Yes it's a real question, since there's nothing that says that a particular misclassification must happen. Watching cars go by on the road, one might suspect that at least one is driven by an alligator, but nothing says that it must be, per se, even the law of large numbers.
Nobody said this particular misclassification must occur. But there will be misclassifications, which is what your original question asked. Since you know the answer, why ask the question? That's why I asked you if what you asked was a real question.
Yes they did, I said that. But it was a claim made as a question, because I didn't know whether it was actually true. I still can't demonstrate formally why this would be so, because again, the reasoning and even veracity of the claim is still in question due to lack of anything but a hand-waved answer.
There is no need to formally demonstrate. The veracity is clearly not in question. It must be true, due to the existence of the article we are commenting on now.
If you want to argue for the general case, you can simply prove the negation is false. Since it is incorrect to say that a network trained with a tiny percentage of possible inputs will never misclassify, it is true that a network trained in such a way will eventually misclassify. This is bolstered by training any network and seeing they always will misclassify something.
> Yes they did, I said that.
You didn't say that. You said a misclassification would happen on some inputs. That is different from saying on these specific inputs.
Quite honestly, in a team that's stressed and run down to the line, checking for that particular classification in a model that has hundreds of classification targets can be really tricky.
Say you have 1000 classification targets. You have to produce a model that checks, for each target, the odds of it being classified as one of other 999.
You have to check, specifically, for "adult male as primate" out of a million potential combinations.
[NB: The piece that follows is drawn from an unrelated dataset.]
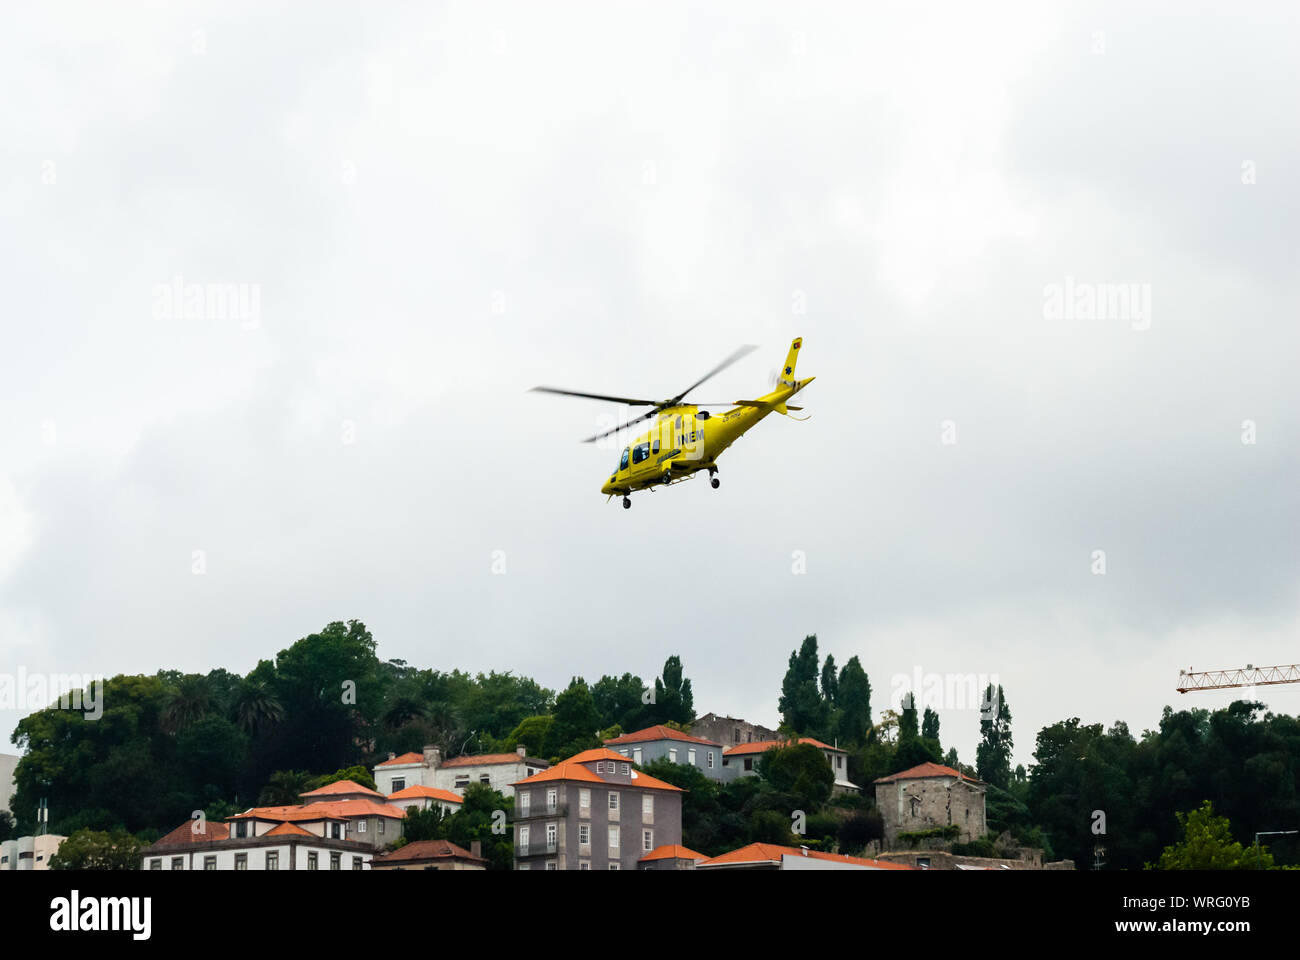 PORTO, PORTUGAL - 18 juin 2014 : Un hélicoptère de l'INEM air ambulance prend son envol au-dessus du fleuve Douro à ciel couvert. Banque D'Images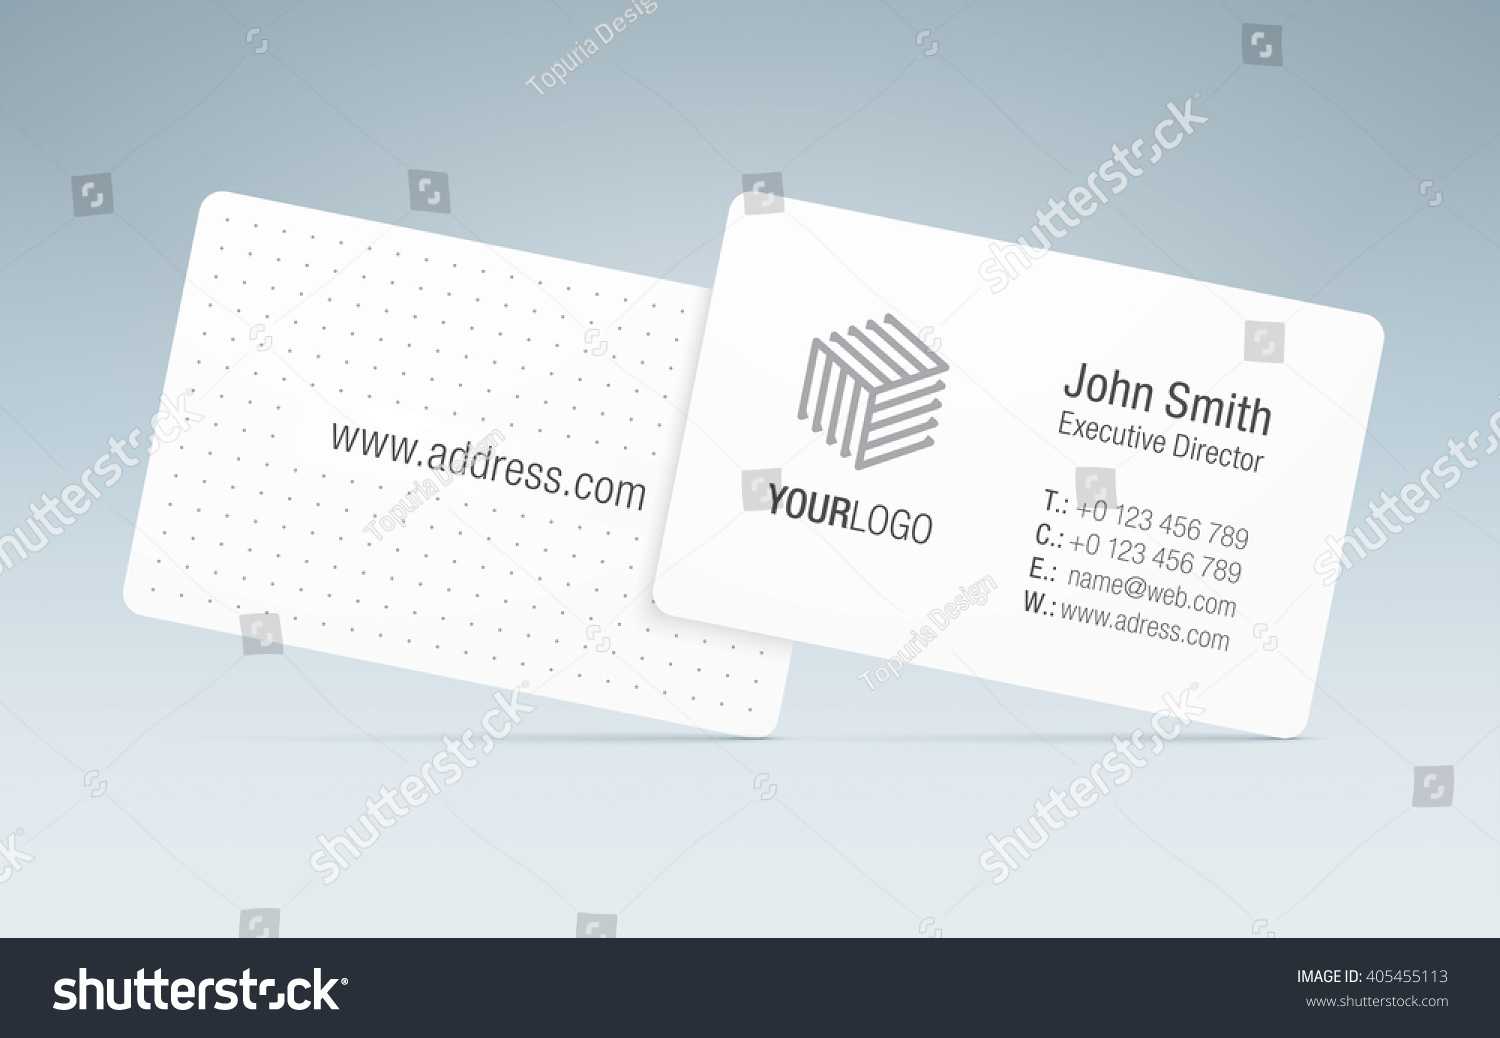 Vector Business Card Template Sleek Business Stock Vector With Generic Business Card Template

And apply secondary business rules or optimizations to prevent that classifications.
So yes it's possible, but it's not cheap, simple or easy.
Facebook just decided to shove the model out the door and not worry about the consequences.
Quality engineering work, costs money and time. Facebook didn't spend it.
We don't actually know how to do that, or how rich is "rich enough." It's an open avenue of research to be able to extrapolate how well-tuned a neutral net is on data not in its training set.
Not to imply the problem is unsolvable, just that if an institution has zero tolerance for this mistake, the fix your describing is no guarantee it won't occur.